Identifying novel therapeutic targets related to TDP-43 loss : Velina Kozareva
Despite the diversity of ALS, almost all patients have one thing in common: the protein TDP-43 stops performing its normal functions in the nucleus, leading to disrupted splicing and decreased expression of many genes. Several of the most prominent genes affected by this loss, such as STMN2 and UNC13A, are already being investigated as potential therapeutic targets. However, we still lack a complete understanding of all the processes impacted downstream of TDP-43 loss – and how these pathway defects lead to motor neuron death. Identifying and characterizing these pathways is crucial for developing new treatments that potentially target multiple aspects of neuronal degeneration in ALS. In collaboration with the groups of Sarah Kargbo-Hill at U. Michigan and Michael Ward at the NIH, we are applying computational models to better understand these disrupted pathways, using data from stem-cell derived neurons that were altered to reduce nuclear levels of TDP-43. Our analysis combines multiple data types – including gene expression and splicing changes, along with protein abundance levels – into integrated networks that can help characterize pathway-level effects. So far, our models have revealed significant links between TDP-43 splice targets and global protein expression changes, highlighting defects in processes related to neuronal activity and regeneration, protein degradation, and cellular metabolism. Importantly, we’ve found similar pathway changes in data generated from post-mortem patient neurons, and we are working to identify associations between these processes and known genomic risk factors for disease. With our colleagues, we are also currently investigating how changing the expression of specific genes involved in these pathways modifies the growth and function of stem-cell derived neurons. In the future, we plan to use this experimental platform to test ways to restore normal functions in these cells, with the ultimate goal of discovering novel mechanisms and gene combinations that can be therapeutically targeted to treat ALS.
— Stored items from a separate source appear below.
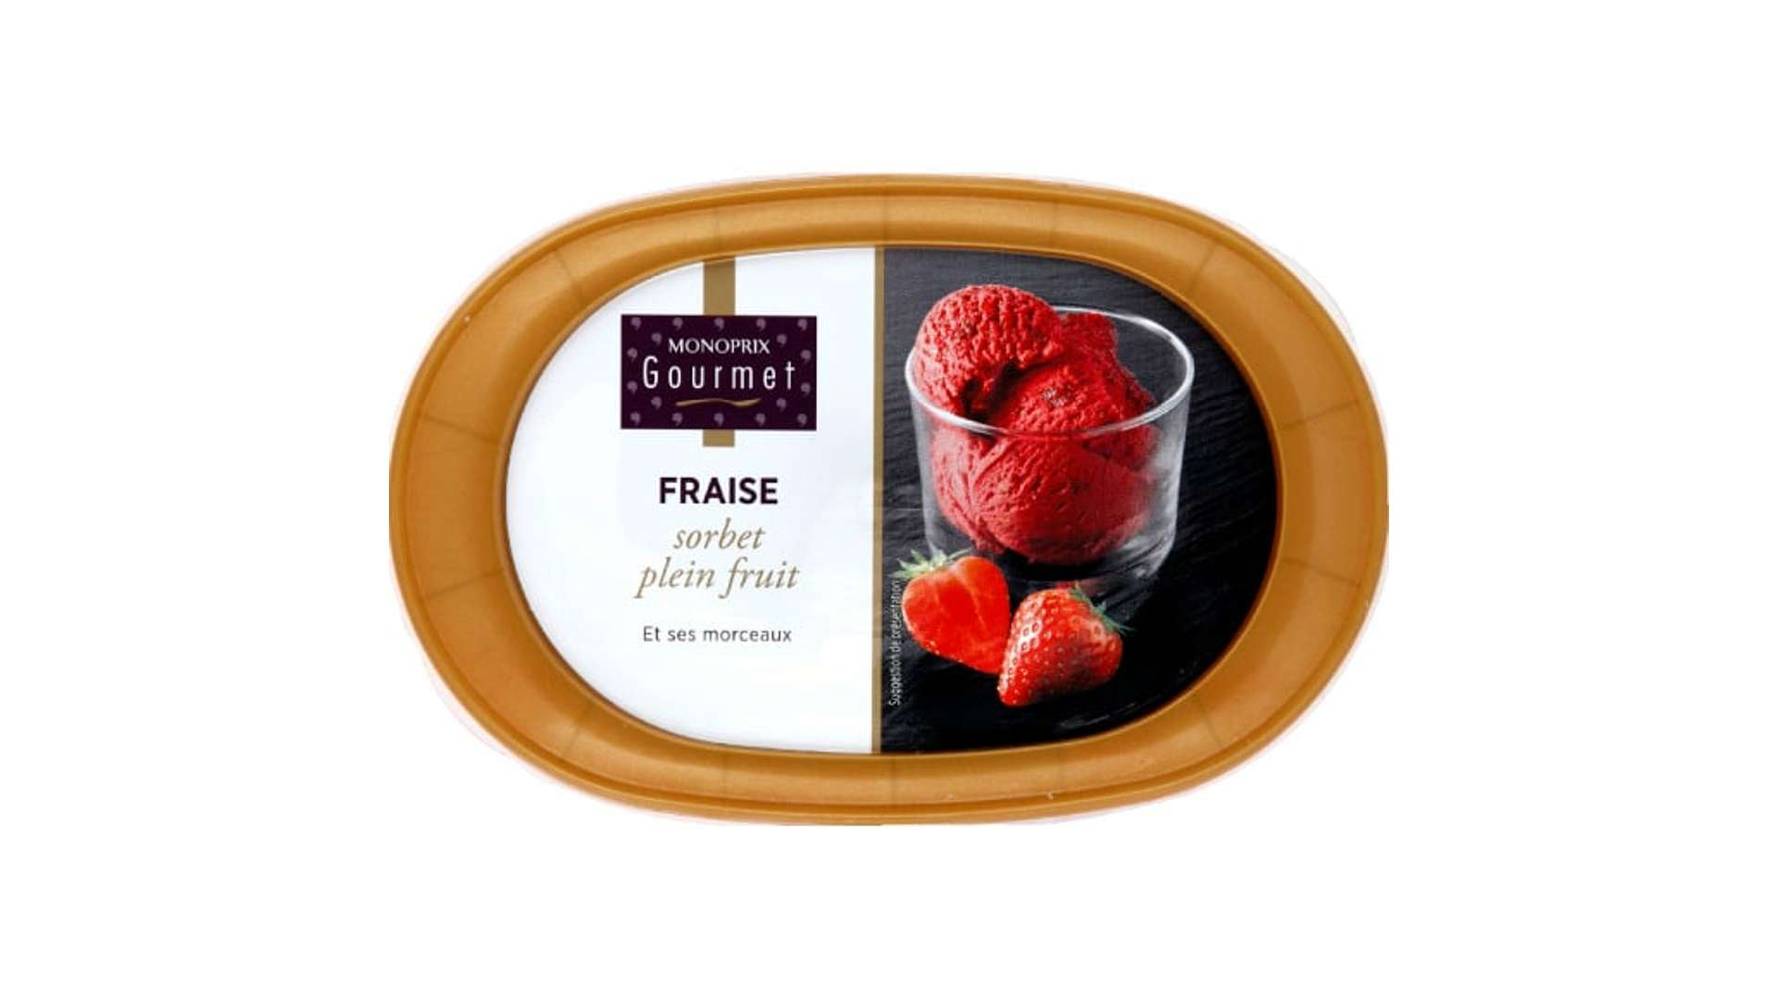 Monoprix Gourmet Sorbet plein fruit fraise et ses morceaux Le pot de 337g
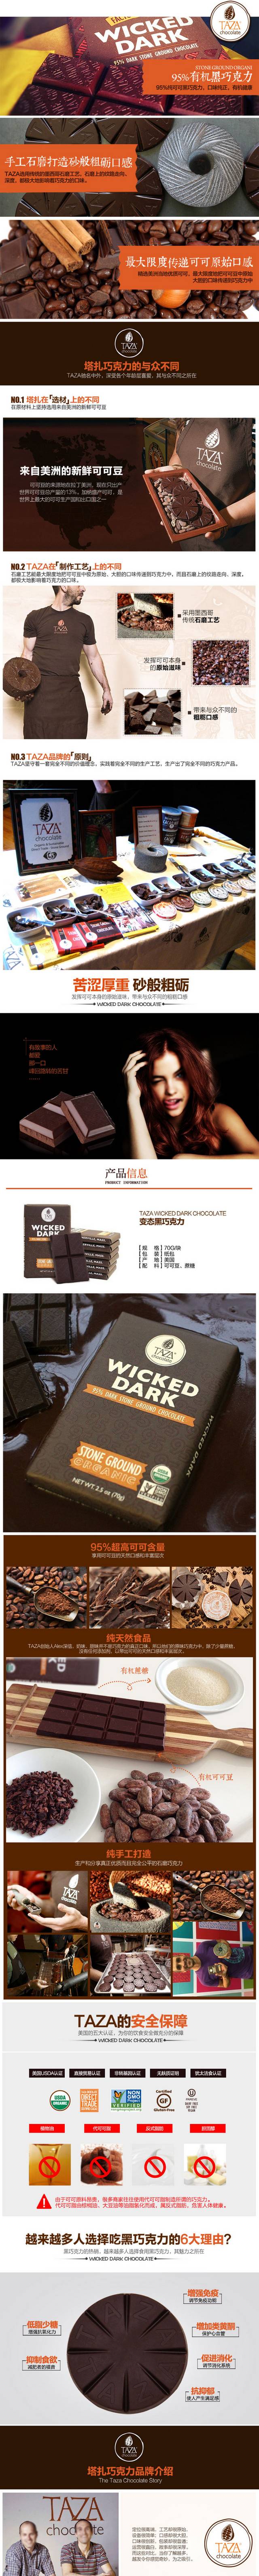 淘宝天猫巧克力详情页PSD素材模板下载
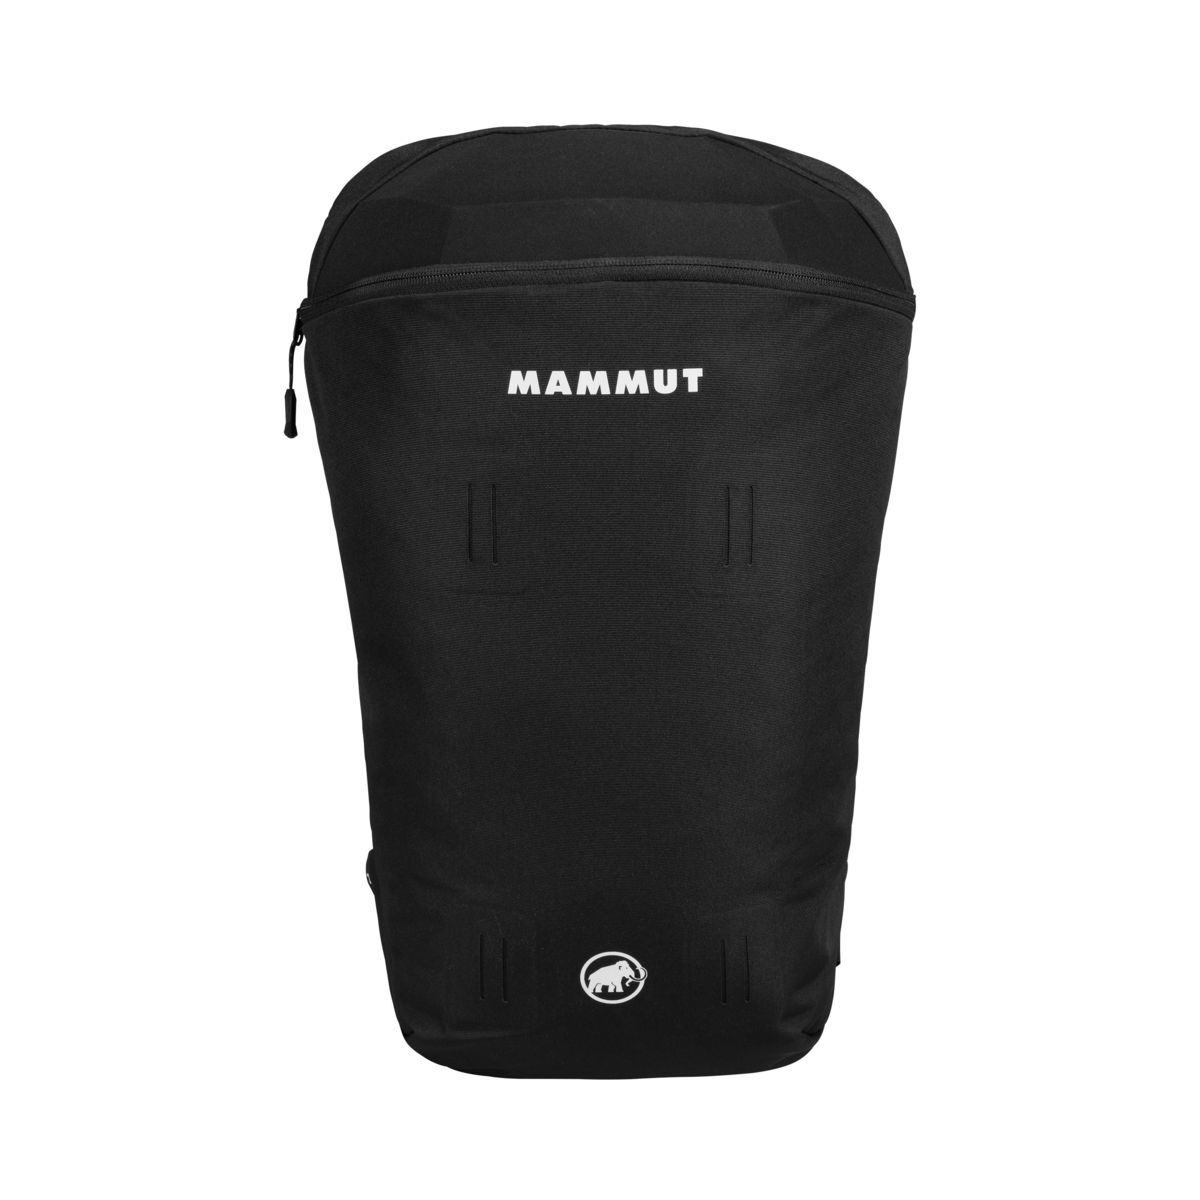 Mammut Nirvana 15 - Ski backpack
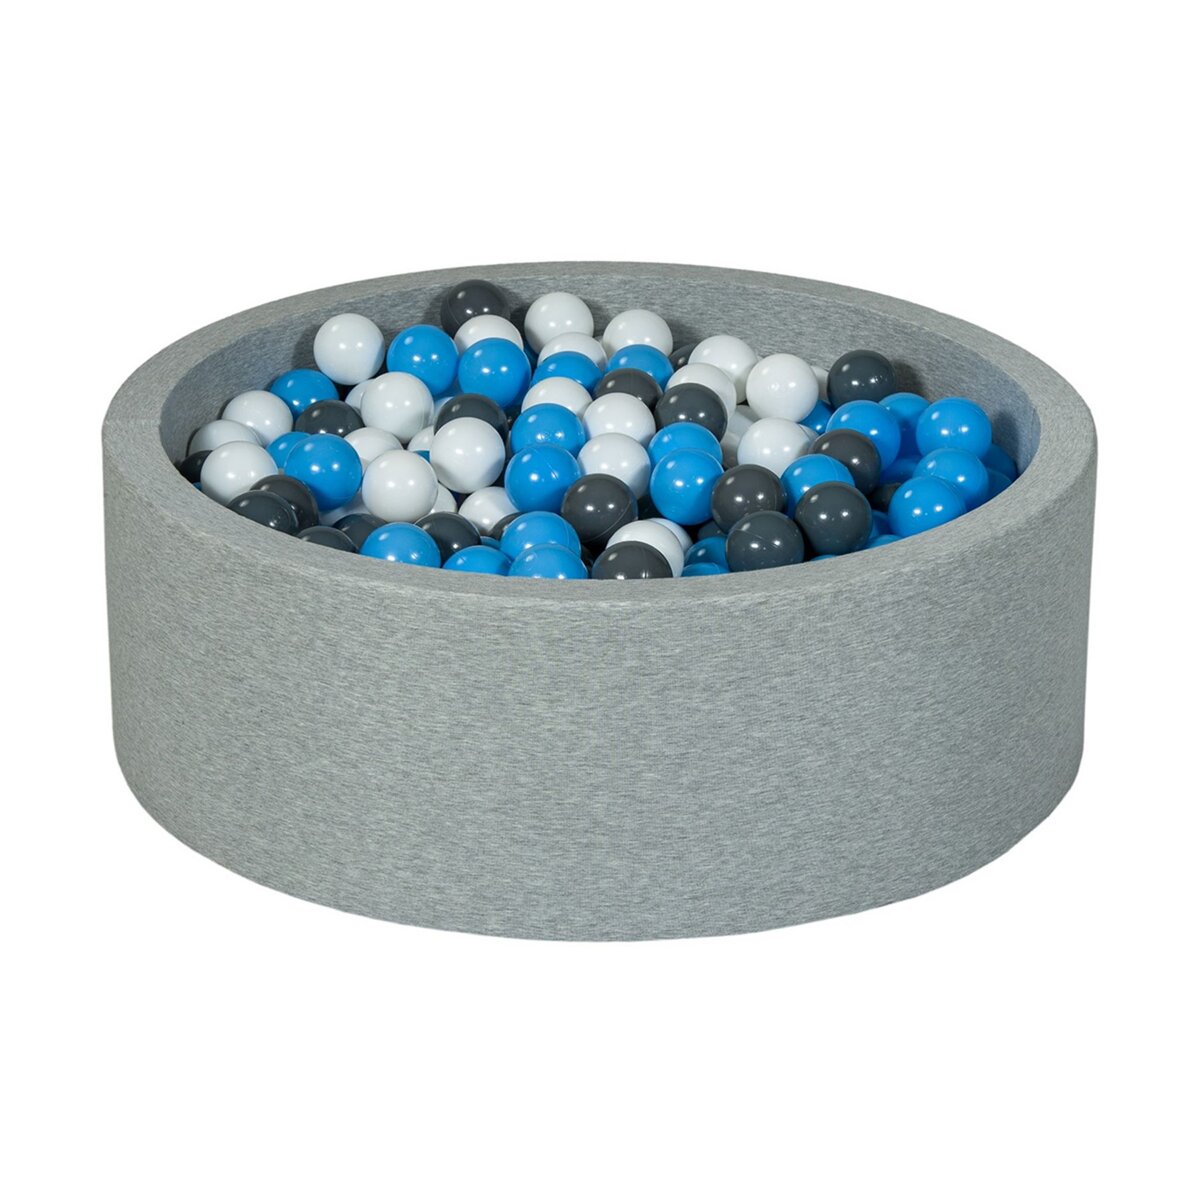  Piscine à balles Aire de jeu + 450 balles blanc, gris, bleu clair

Velina Kozareva is a PhD Student in the Computational and Systems Biology program at MIT, advised by Professor Ernest Fraenkel. Her research focuses on developing and applying computational models for integration of multiple data types, with a particular interest in understanding neurodegenerative diseases. She has previously worked to create methods for analyzing high-throughput genomics data at both the Broad Institute of MIT and Harvard and in industry.